> _Work to complete_
Start with the line containing "Charlotte Perriand from Les Arcs" and write out each line through the end of the listing, exactly as given.

> _Supplied information_
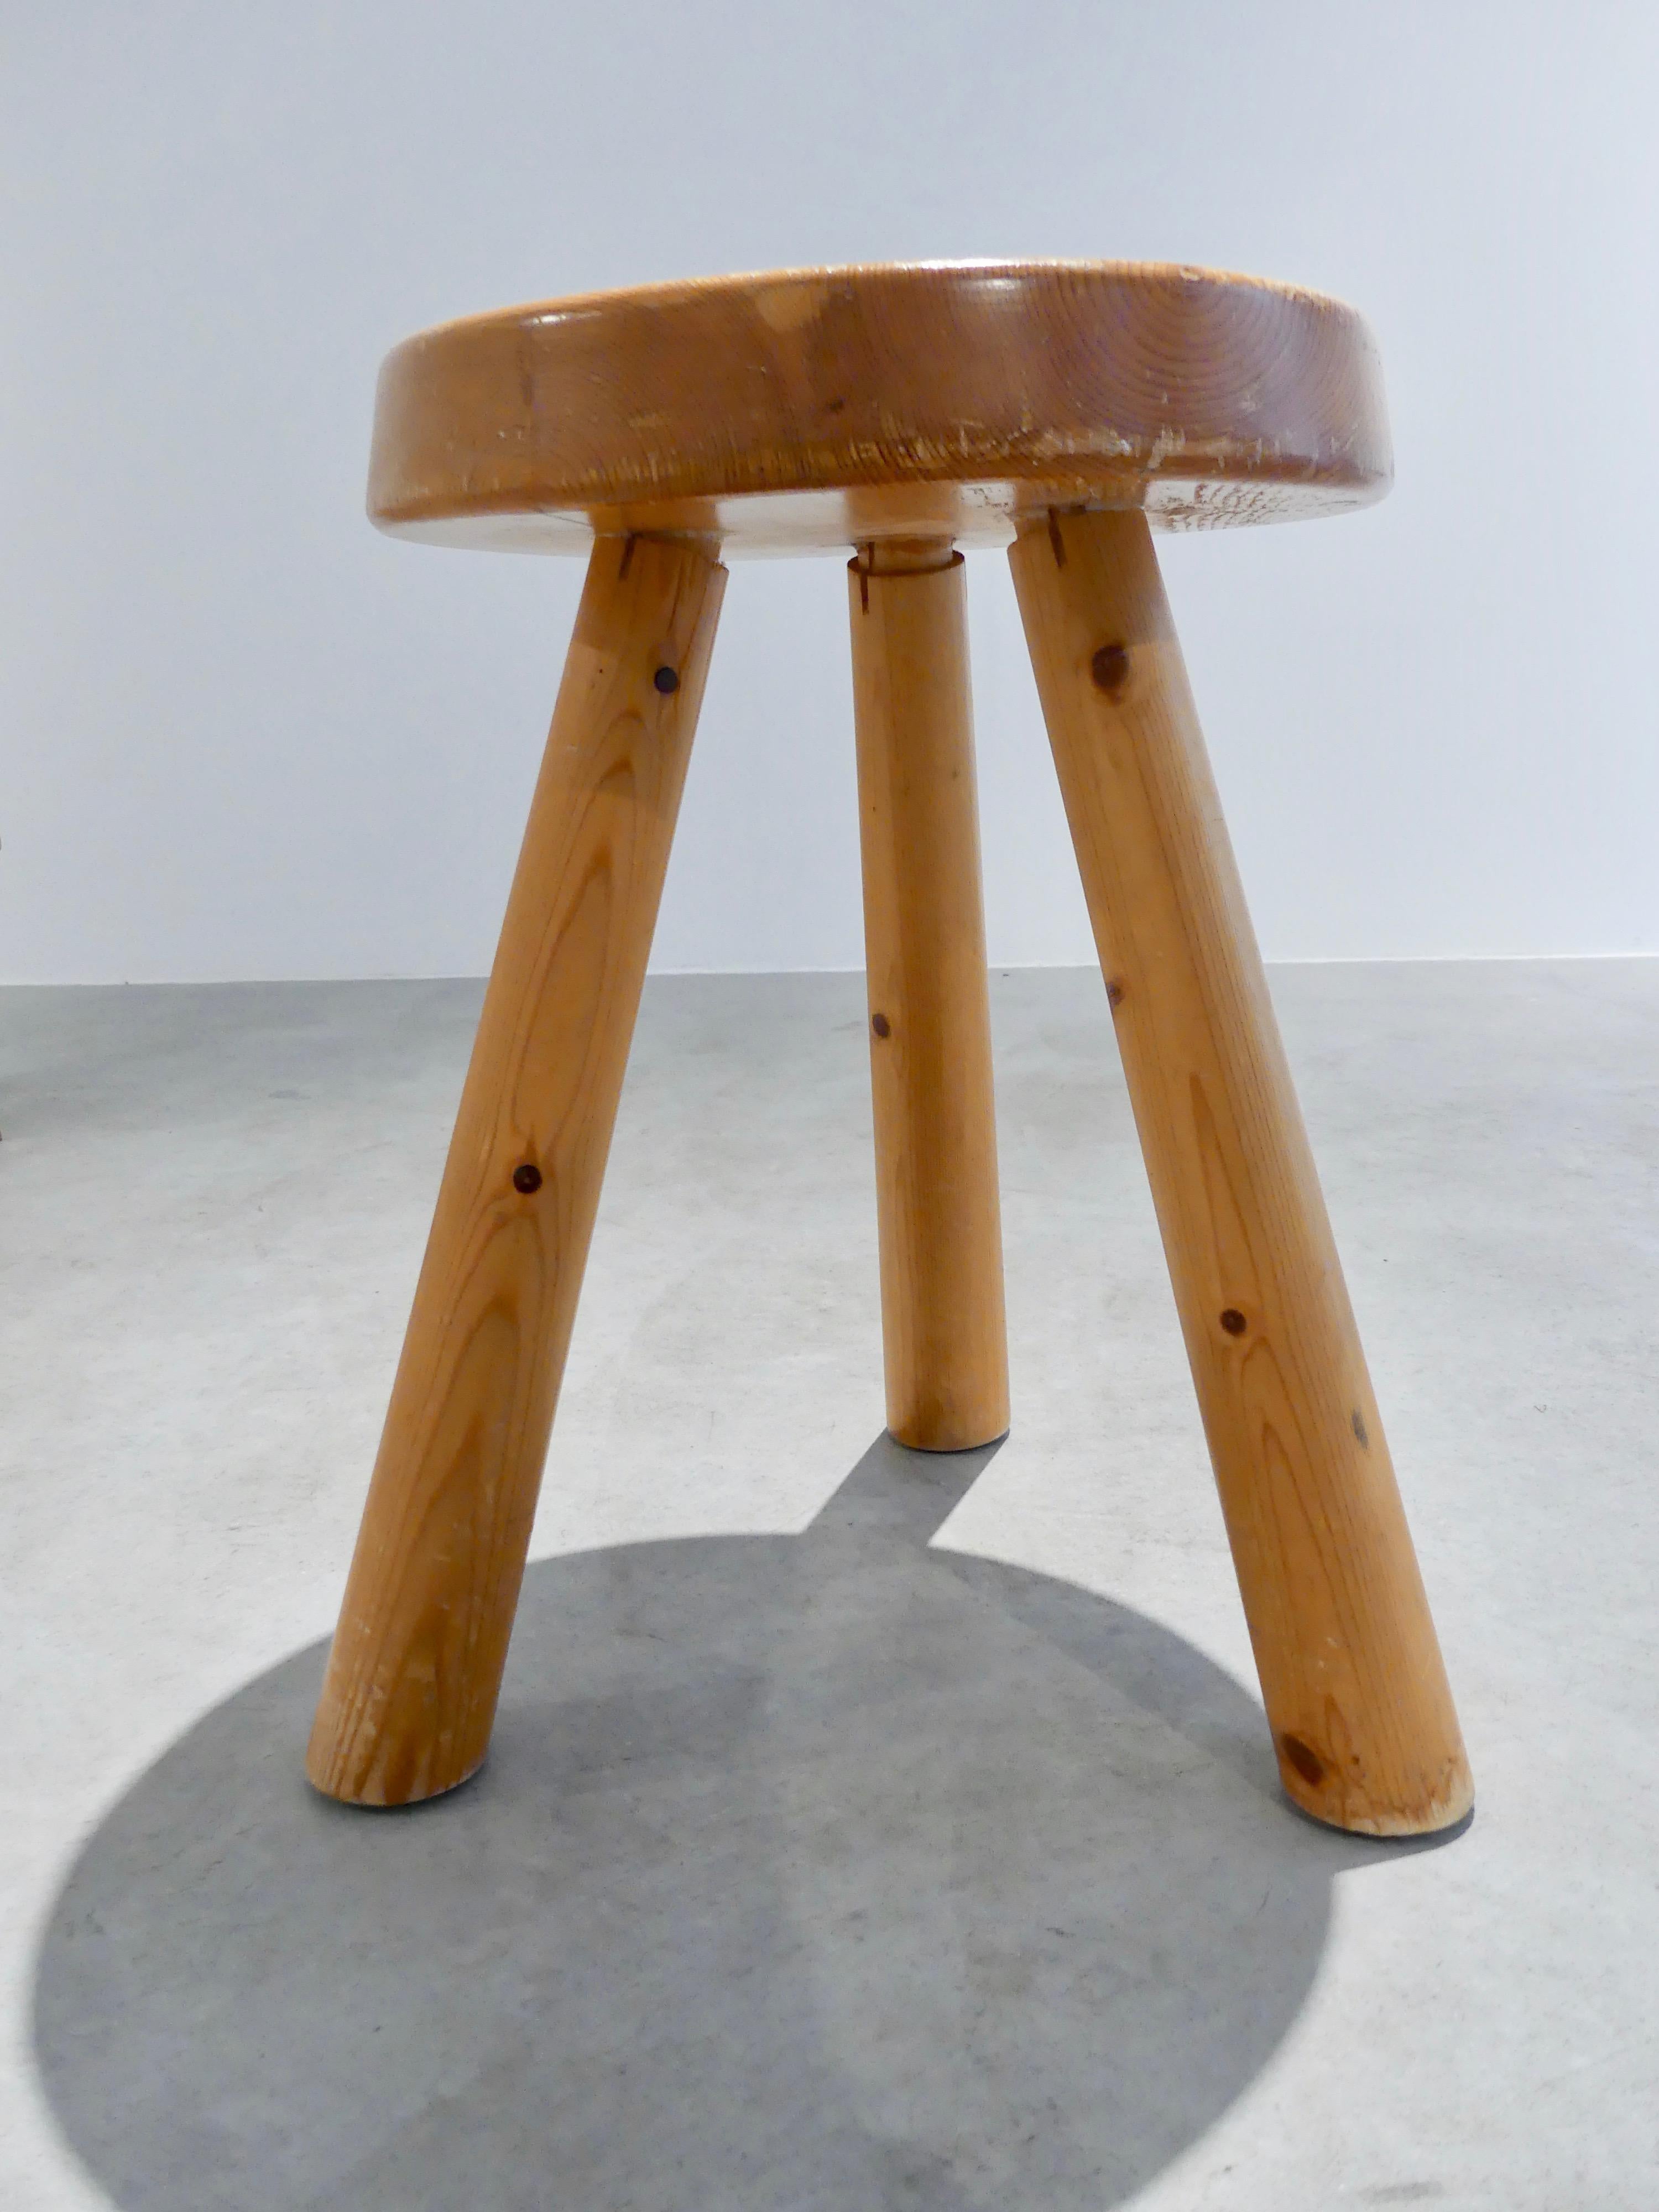 Tripod stools, made of pinewood, from the 1950s.
Charlotte Perriand from Les Arcs

Several stools in stock.

> _Written solution_
Charlotte Perriand from Les Arcs

Several stools in stock.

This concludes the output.